Practical high performance: Achieving \(F1 \geq 0.9\) in a black-box setting without logits or training is highly significant for real-world security.
Clean negative results: The honest presentation of the Similarity attack's failure prevents future researchers from wasting effort on embedding-based approaches for this task.

Limitations & Future Work¶

Limitations: The study focuses on 6 open-source models; 1/5/10 shots is a limited range; DP-based (Differential Privacy) defenses are not evaluated.
Evaluation: The 50/50 sampling used for "advantage" might inflate performance compared to real-world scenarios where non-members far outnumber members (PR-AUC would be better).
Future Directions: Designing systematic prompt-level DP, using secret-sharer style canaries to measure leakage rates, and exploring retrieval-augmented (RAG) recommendation privacy.

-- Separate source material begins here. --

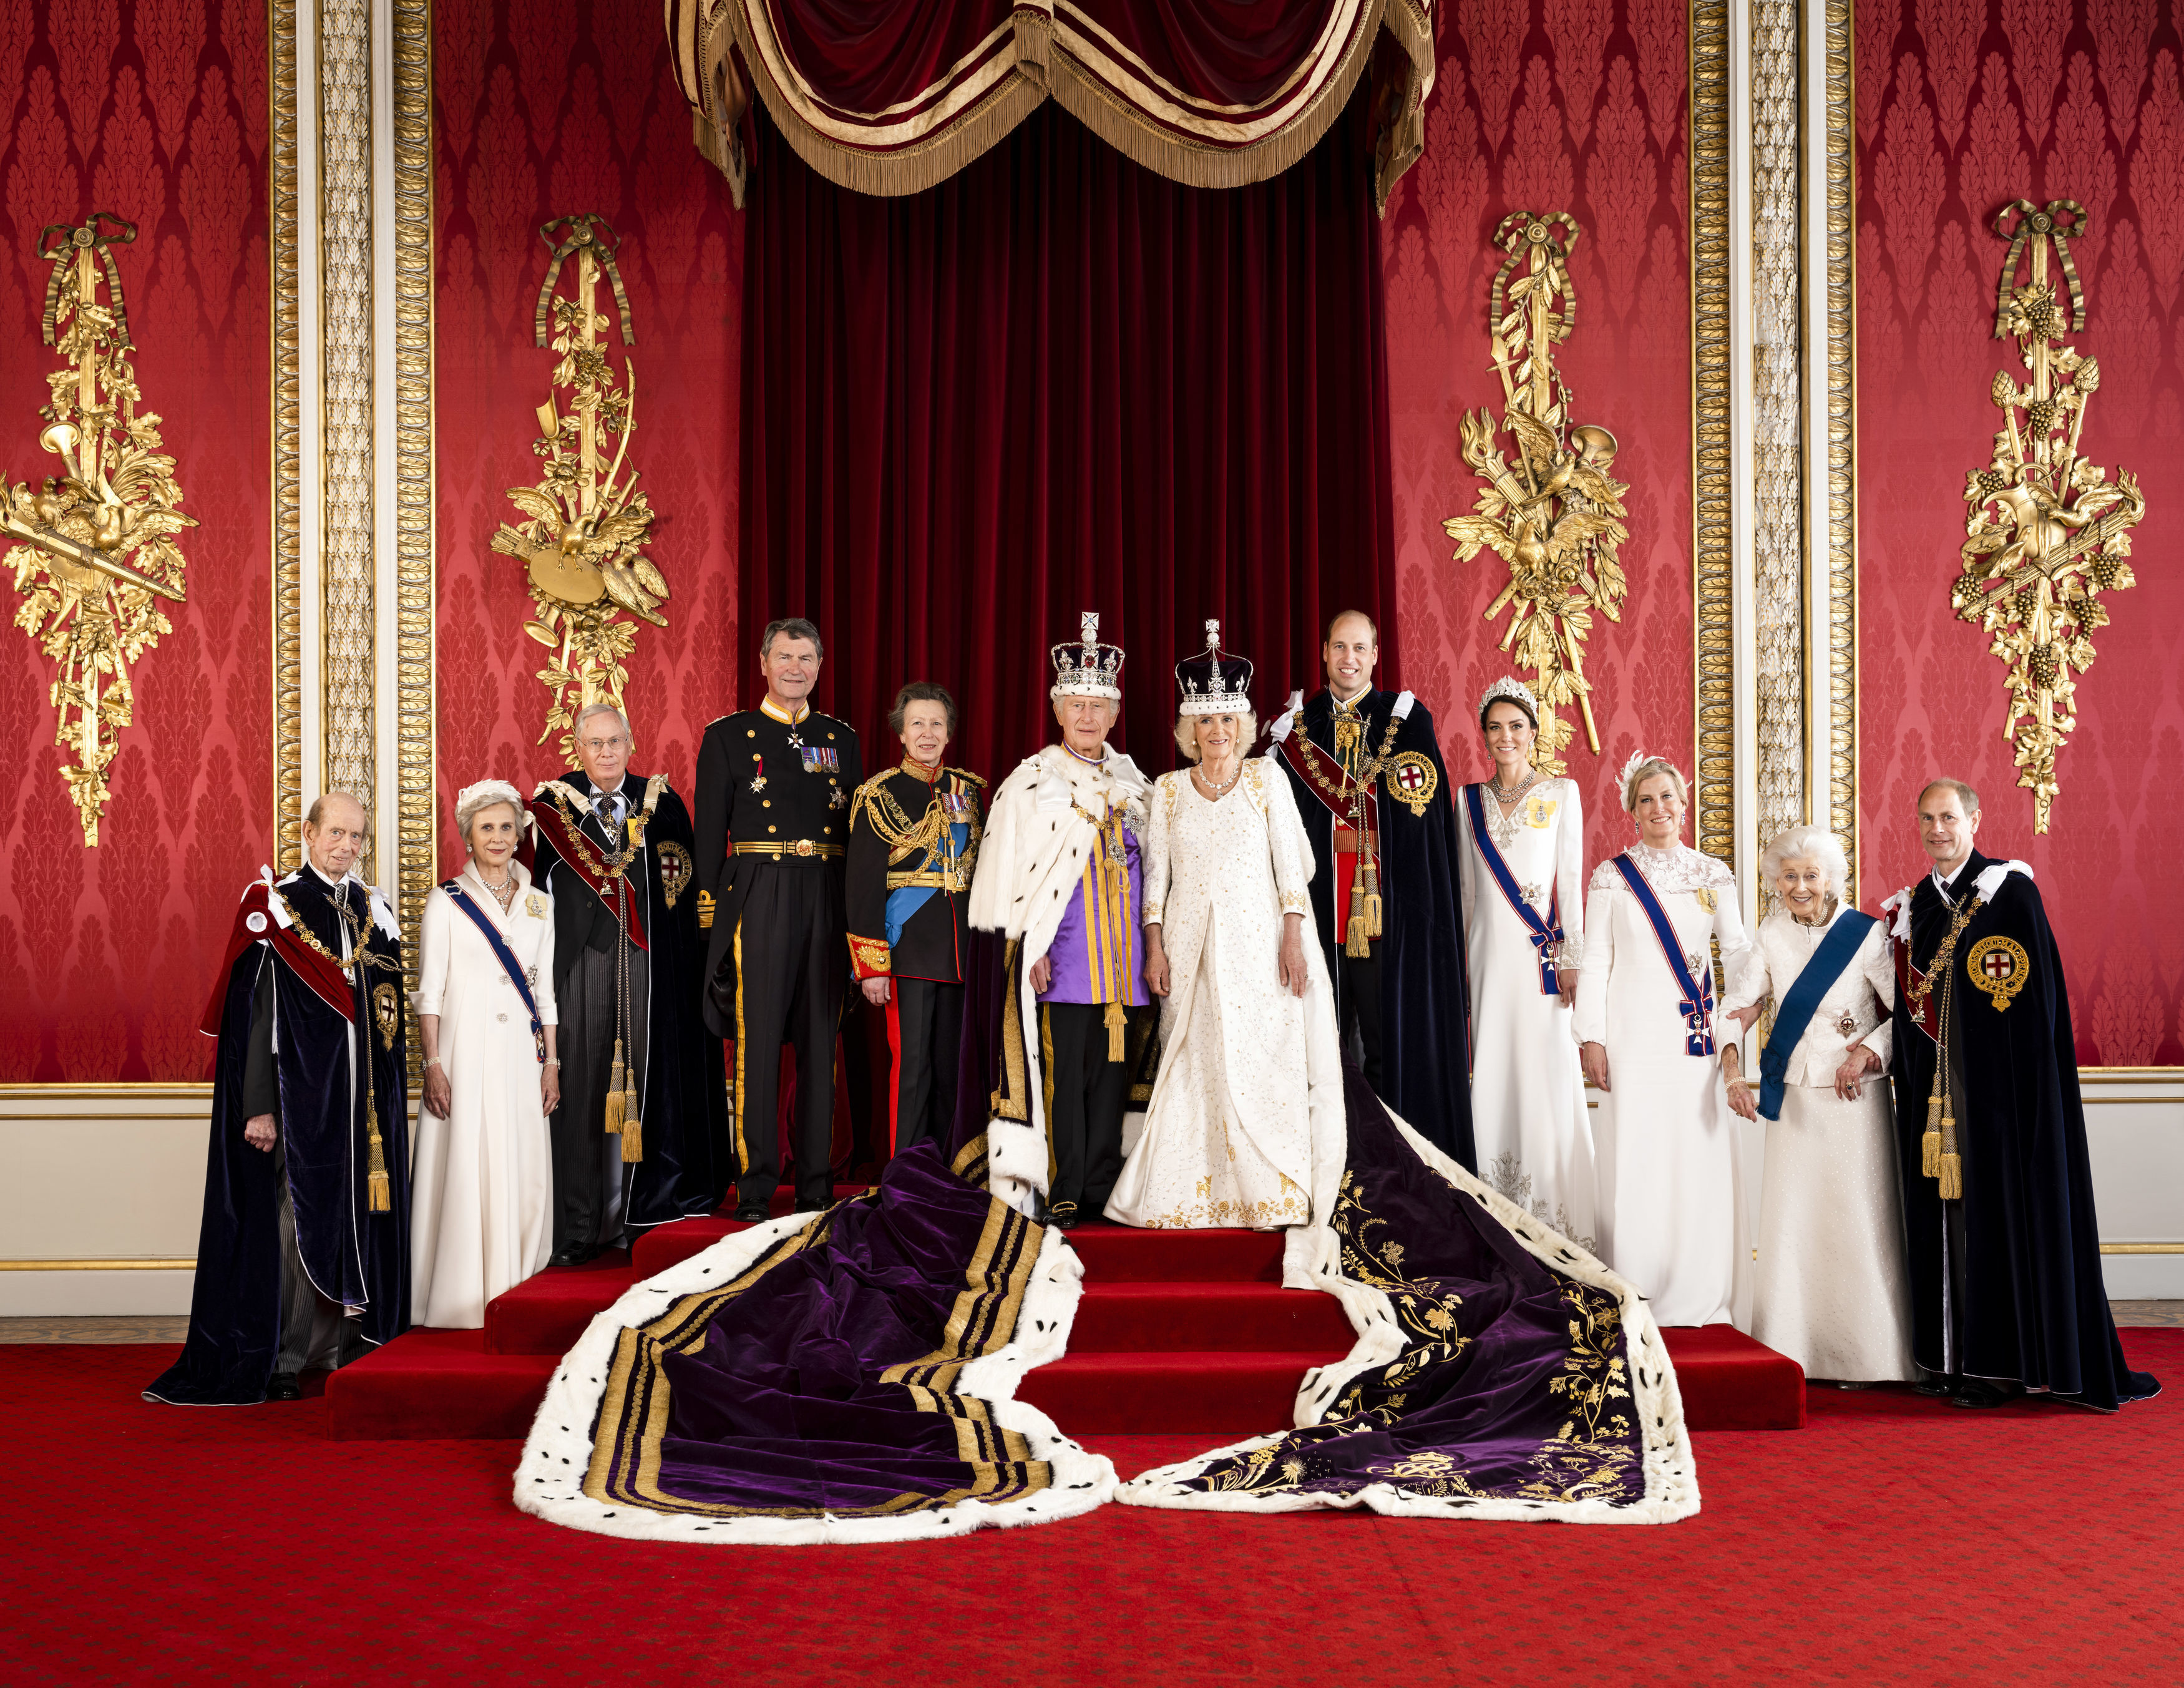 Le prince William est le plus grand royal avec 6 pieds 3 pouces

vs. Traditional RecSys MIA: While previous works relied on shadow models and item embeddings, this paper proves those mechanisms fail in LLM-RecSys, proposing "embedding-free" alternatives.
vs. Wen et al. 2024 (MIA on ICL classification): This is the first MIA for generative recommendation, requiring only text outputs rather than logits.
Insight: Any system that places sensitive data into a prompt must assume that the content can be inferred.

Rating¶

Novelty: ⭐⭐⭐⭐ First systematic study of ICL-LLM-RecSys MIA with simple yet surprisingly strong designs.
Experimental Thoroughness: ⭐⭐⭐⭐ Extensive model and dataset coverage with rigorous controls.
Writing Quality: ⭐⭐⭐⭐ Clear intuition and convincing visualizations.
Value: ⭐⭐⭐⭐⭐ Timely exposure of privacy vulnerabilities as LLM-RecSys enters industrial deployment.